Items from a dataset
####################

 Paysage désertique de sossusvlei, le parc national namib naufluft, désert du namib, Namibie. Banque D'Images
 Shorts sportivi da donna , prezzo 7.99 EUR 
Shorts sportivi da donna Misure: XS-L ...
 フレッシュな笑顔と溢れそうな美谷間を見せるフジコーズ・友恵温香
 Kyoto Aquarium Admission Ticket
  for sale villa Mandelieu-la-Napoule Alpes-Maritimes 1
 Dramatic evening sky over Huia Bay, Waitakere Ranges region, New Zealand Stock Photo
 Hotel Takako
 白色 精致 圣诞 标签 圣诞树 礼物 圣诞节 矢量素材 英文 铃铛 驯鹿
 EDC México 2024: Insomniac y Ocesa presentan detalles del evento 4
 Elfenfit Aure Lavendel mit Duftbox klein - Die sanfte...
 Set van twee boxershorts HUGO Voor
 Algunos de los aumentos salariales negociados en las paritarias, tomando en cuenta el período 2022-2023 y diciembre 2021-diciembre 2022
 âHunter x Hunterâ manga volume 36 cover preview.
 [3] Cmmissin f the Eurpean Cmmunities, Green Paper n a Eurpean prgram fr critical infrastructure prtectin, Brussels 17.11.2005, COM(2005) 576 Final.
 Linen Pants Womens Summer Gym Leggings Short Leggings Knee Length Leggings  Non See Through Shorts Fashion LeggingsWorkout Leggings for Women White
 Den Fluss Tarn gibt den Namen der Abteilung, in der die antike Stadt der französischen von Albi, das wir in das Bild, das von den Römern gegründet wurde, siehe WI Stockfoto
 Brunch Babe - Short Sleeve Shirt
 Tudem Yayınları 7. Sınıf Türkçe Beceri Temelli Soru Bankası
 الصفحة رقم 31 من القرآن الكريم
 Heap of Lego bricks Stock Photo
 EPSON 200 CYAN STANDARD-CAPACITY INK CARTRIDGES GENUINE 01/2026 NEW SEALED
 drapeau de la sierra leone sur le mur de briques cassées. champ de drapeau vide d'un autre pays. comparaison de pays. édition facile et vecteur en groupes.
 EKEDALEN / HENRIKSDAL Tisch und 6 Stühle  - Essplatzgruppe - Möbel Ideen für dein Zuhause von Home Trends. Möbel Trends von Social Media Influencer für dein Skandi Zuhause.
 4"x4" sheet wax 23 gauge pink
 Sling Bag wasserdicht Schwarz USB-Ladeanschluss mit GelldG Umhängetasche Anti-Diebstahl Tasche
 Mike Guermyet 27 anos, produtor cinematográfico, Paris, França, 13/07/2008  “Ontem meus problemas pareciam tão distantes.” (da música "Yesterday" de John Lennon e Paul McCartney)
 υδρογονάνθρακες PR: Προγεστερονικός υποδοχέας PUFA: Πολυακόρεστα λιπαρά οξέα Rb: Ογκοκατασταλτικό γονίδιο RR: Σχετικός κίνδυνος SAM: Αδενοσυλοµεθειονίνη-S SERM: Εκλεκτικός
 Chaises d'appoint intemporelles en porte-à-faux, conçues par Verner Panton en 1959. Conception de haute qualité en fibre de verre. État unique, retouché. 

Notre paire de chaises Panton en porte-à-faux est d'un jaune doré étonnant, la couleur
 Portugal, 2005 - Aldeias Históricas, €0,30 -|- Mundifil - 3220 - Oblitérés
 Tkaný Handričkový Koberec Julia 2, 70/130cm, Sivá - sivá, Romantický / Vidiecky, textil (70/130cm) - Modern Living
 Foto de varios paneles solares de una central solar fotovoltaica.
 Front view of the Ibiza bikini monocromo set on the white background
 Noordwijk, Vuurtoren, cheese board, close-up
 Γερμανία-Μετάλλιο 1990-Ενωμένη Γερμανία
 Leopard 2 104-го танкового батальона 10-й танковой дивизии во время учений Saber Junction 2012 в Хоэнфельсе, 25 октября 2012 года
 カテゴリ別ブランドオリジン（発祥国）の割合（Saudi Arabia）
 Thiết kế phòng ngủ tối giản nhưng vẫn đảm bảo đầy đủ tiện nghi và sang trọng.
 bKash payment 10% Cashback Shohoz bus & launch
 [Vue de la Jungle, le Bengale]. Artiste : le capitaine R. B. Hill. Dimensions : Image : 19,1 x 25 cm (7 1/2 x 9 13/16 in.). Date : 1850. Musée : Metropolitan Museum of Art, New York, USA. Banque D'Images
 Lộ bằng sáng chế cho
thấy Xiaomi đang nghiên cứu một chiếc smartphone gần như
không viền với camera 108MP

####################

Work request
Find the number of lines in the entries above that hold the string "faux", and write only that number.

Problem solution
2